Remarkably, chiming with the album’s mission of bringing people together in spite of their differences, We Got The Power also features Oasis guitarist Noel Gallagher, Damon Albarn’s chief rival in the 90s, during the “Battle Of Britpop”. “I thought it might be cute, the idea of us singing about the power to love each other,” Albarn said in an interview with Vulture, describing the song as a “strange kind of Britpop clarion call from the grave”.
Boasting Gorillaz’s most socially-aware and thought-provoking clutch of songs to date, Humanz proved to be just the tonic the world needed. Despite this, Albarn insisted that the album wasn’t intended as a political statement, asserting that “it’s not polemical, it’s quite abstract”. That said, there is still a sense that Humanz expresses the creeping fear of a worst-case scenario coming to pass, as grimly expressed by rapper Pusha T’s performance on Let Me Out. “[Obama] is gone, who is left to save us?” he asks, riding an electro-rap groove blessed with the soulful tones of R&B legend Mavis Staples (“[Orlando] we mourn, I’m praying for my neighbours,” the rapper continues, referencing a then recent shooting at an LGBTQ+ nightclub. “They say the devil’s at work and Trump is calling favours”).
Selling 140,000 copies in its first week, Humanz debuted at No.2 in both the UK and the US, with fans receiving Gorillaz’s ambitious post-apocalyptic party as a call to arms, a reminder that, in times of crisis, we must come together to fight for what we believe in and create a better world.
The legacy: “The world has gone slightly mad”

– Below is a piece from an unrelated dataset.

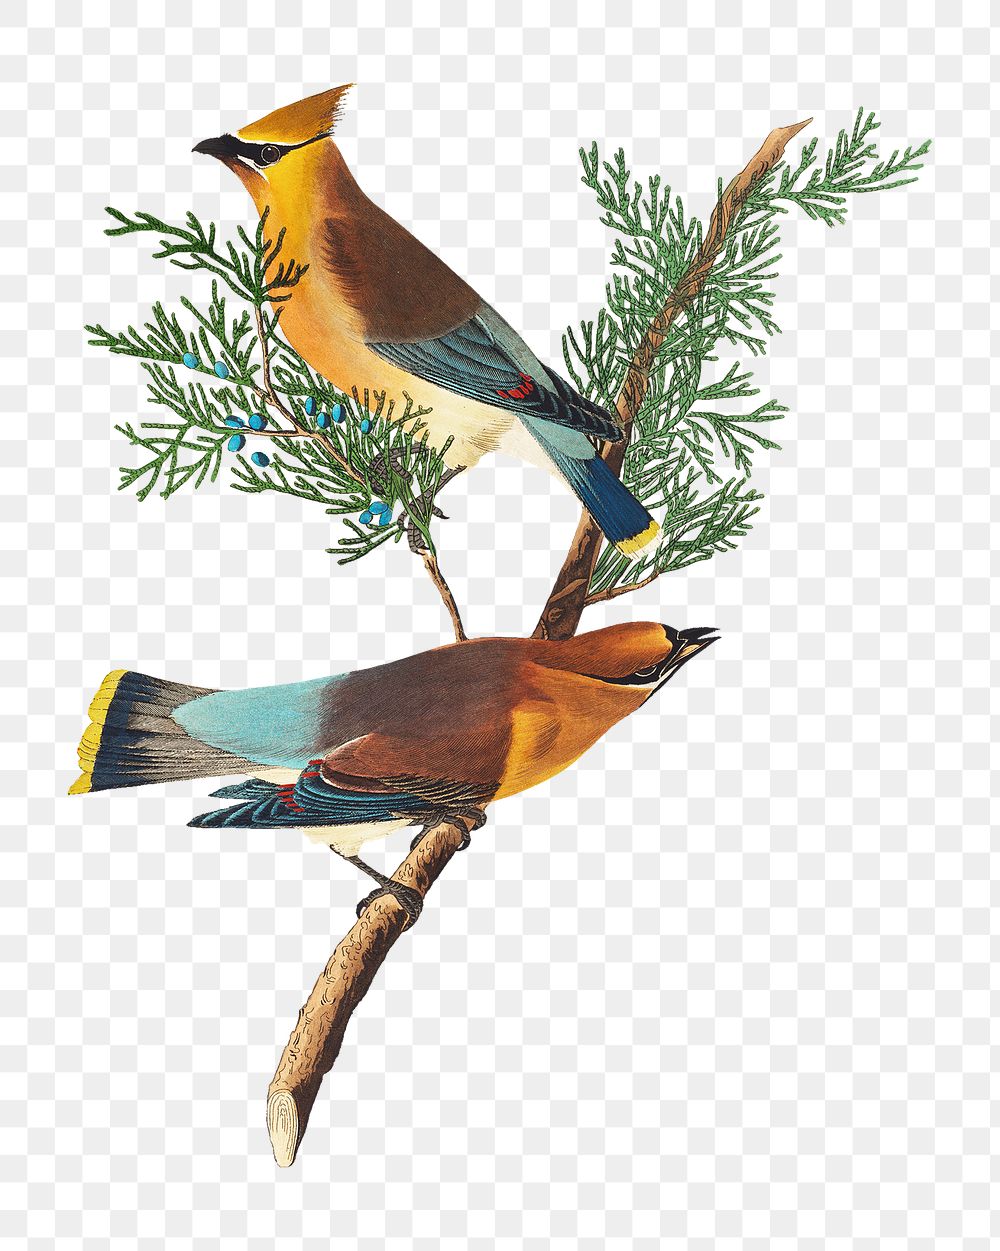 Cedar png bird sticker, transparent background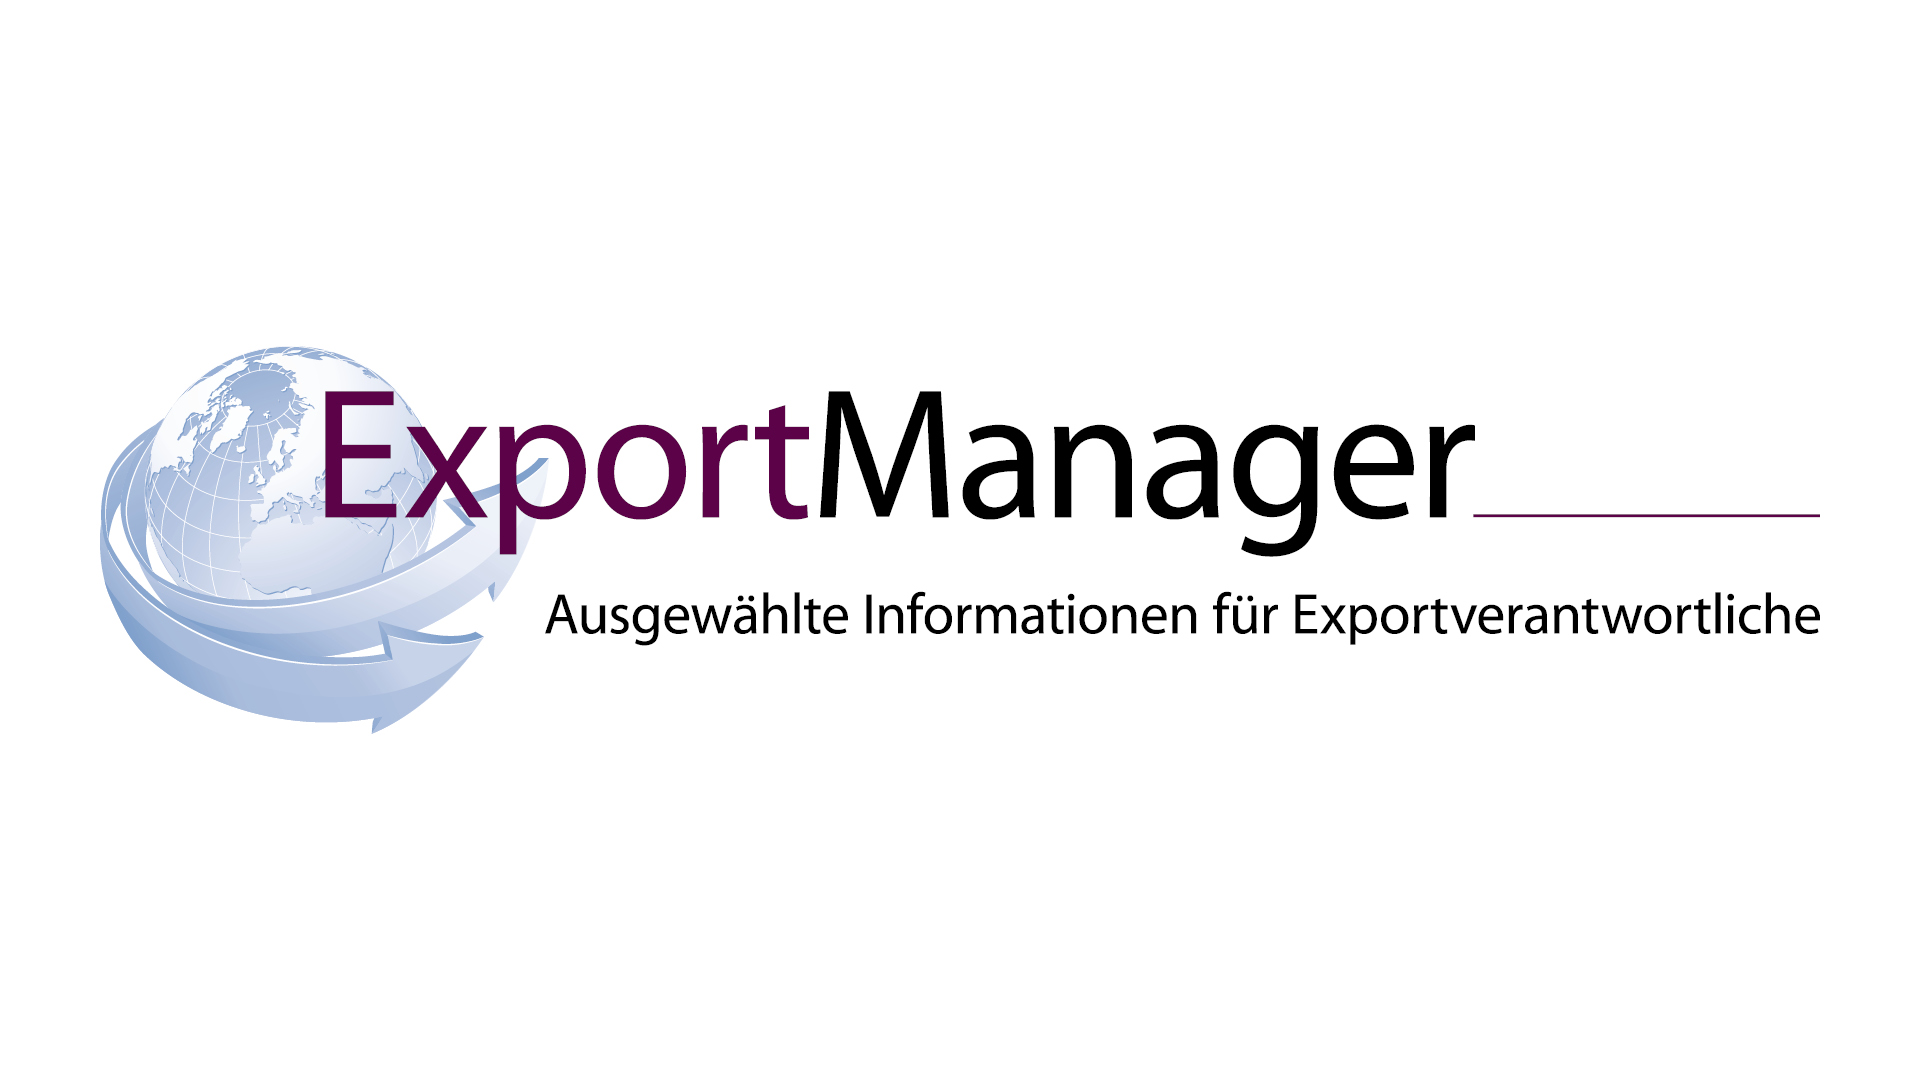 (c) Exportmanager-online.de

Without a doubt, Albarn’s vision for the album had proved to be far more prescient than even he had intended. As Donald Trump set about serving his first (and, at the time of writing, his last) term as US President, few albums captured the unease of a world in the grip of upheaval better than Humanz. Nothing short of a conceptual masterclass, its reputation has only continued to grow. “It was set in the future, it was set in when the world was just going to go slightly mad,” Albarn said to The New York Times, before adding, soberly: “And the world has gone slightly mad, there’s no question about it.”